1

I have a mysql table. The headers are structured like so:

field   field   field   field   vendors
data   data    data    data    data
data   data    data    data    data
data   data    data    data    data2
data   data    data    data    data2
data   data    data    data    data2

Now, I want remove duplicate rows of rows sharing the same vendor value. So two rows that are the same but have different vendor column value should not be considered duplicate. But, two or more rows that equal and share the same vendor value would be considered duplicates and should be removed, leaving only one existing copy.

How can this be done using mysql?

I did something like this but it deletes everything instead of just the duplicate values. I want at least one copy remaining.

DELETE

FROM auto WHERE ((auto.email='carolzvalentine@yahoo.com') AND (auto.vendors='5552'))

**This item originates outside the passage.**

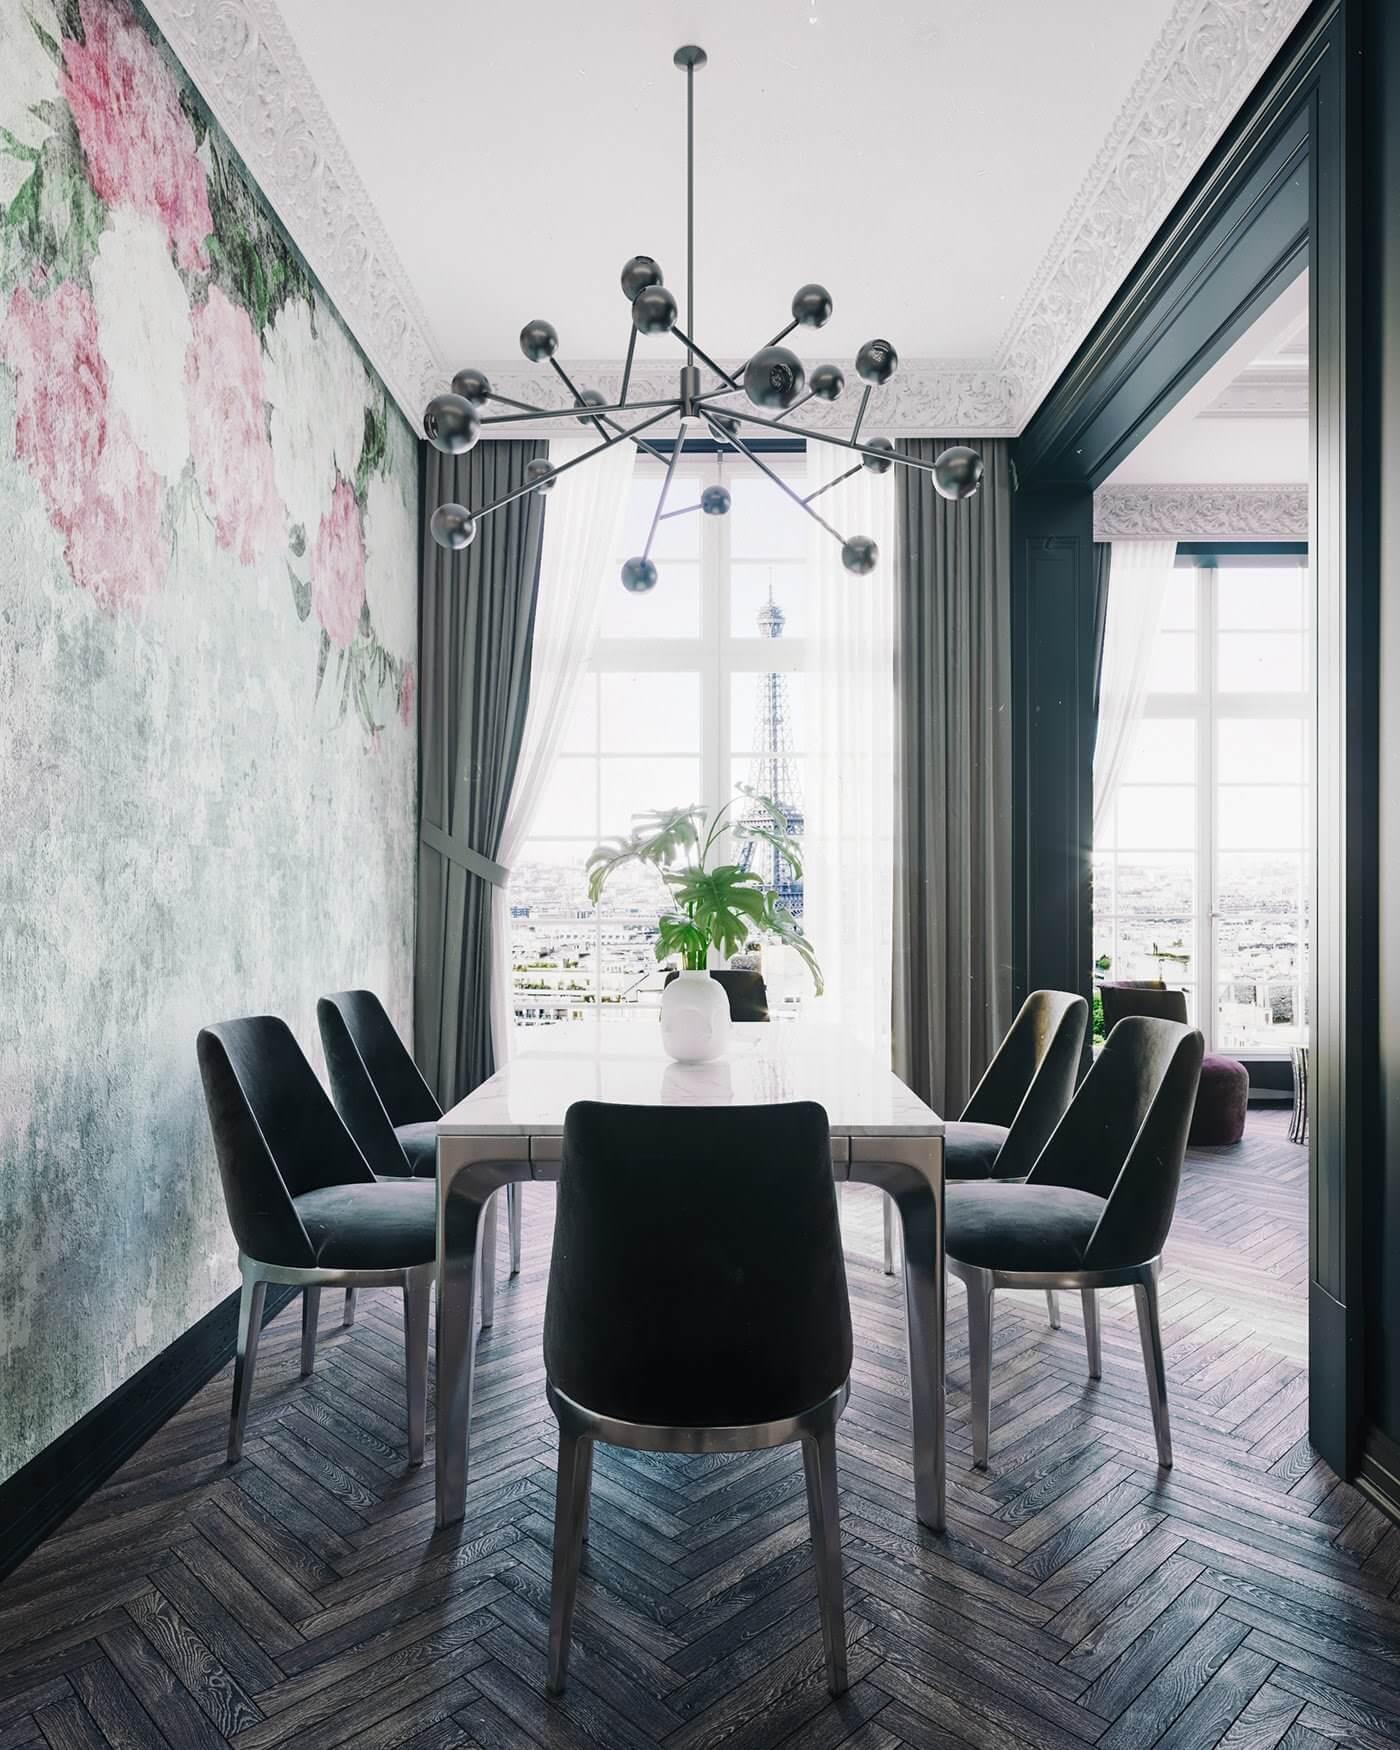 Maison Noire Apartment Paris dining room - cgi visualization

  • Have you tried anything??Show us your effort.... – Akash KC Jul 31 '12 at 15:39
  • "CREATE TABLE new_table as SELECT * FROM auto WHERE CHAR_LENGTH(vendor) > 1 GROUP BY vendor"; –  Jul 31 '12 at 15:42
  • You have to show your effort in your question so it would be better if you write above query in your question as your effort.... – Akash KC Jul 31 '12 at 15:44

2 Answers2

1

You can add a UNIQUE index over your table's columns using ALTER IGNORE:

ALTER IGNORE TABLE mytbl ADD UNIQUE INDEX (field1, field2, field3, field4, vendors)

As explained in the manual:

IGNORE is a MySQL extension to standard SQL. It controls how ALTER TABLE works if there are duplicates on unique keys in the new table or if warnings occur when strict mode is enabled. If IGNORE is not specified, the copy is aborted and rolled back if duplicate-key errors occur. If IGNORE is specified, only the first row is used of rows with duplicates on a unique key. The other conflicting rows are deleted. Incorrect values are truncated to the closest matching acceptable value.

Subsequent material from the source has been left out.